The task ▸
Lines before the one containing "helg-carafe-and-glasses-set-34480784411999658" are to be skipped; reproduce that line and the rest of the records below exactly.

Dataset extract ▸

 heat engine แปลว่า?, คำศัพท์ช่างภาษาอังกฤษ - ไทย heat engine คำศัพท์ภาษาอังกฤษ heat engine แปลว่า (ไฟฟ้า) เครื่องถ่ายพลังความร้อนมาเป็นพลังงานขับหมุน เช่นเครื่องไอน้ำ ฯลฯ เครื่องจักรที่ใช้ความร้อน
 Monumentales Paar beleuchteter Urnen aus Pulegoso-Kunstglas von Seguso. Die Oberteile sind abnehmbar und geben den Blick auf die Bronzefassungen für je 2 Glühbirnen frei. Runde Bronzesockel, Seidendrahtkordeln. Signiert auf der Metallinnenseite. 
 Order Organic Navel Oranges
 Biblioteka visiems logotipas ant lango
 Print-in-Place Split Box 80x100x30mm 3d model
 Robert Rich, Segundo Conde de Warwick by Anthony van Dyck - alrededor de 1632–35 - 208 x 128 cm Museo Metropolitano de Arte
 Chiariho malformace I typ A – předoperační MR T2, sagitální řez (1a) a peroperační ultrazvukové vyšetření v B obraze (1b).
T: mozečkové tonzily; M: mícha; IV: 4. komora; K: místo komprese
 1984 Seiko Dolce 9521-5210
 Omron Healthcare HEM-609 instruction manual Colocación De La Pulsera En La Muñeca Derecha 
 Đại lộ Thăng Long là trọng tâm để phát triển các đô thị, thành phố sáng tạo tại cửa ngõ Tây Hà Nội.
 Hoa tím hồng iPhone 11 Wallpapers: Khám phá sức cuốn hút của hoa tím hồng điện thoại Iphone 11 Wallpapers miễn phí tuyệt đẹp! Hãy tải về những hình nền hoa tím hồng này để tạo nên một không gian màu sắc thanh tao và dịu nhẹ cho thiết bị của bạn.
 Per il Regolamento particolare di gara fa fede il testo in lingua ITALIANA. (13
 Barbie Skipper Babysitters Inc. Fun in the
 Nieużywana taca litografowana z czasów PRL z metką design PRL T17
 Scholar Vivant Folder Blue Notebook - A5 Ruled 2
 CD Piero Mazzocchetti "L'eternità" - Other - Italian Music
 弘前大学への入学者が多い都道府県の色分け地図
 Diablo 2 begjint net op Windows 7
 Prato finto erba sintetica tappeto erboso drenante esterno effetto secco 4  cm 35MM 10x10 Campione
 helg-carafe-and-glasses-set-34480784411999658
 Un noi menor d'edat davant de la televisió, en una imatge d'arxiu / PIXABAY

Reply ▸
 helg-carafe-and-glasses-set-34480784411999658
 Un noi menor d'edat davant de la televisió, en una imatge d'arxiu / PIXABAY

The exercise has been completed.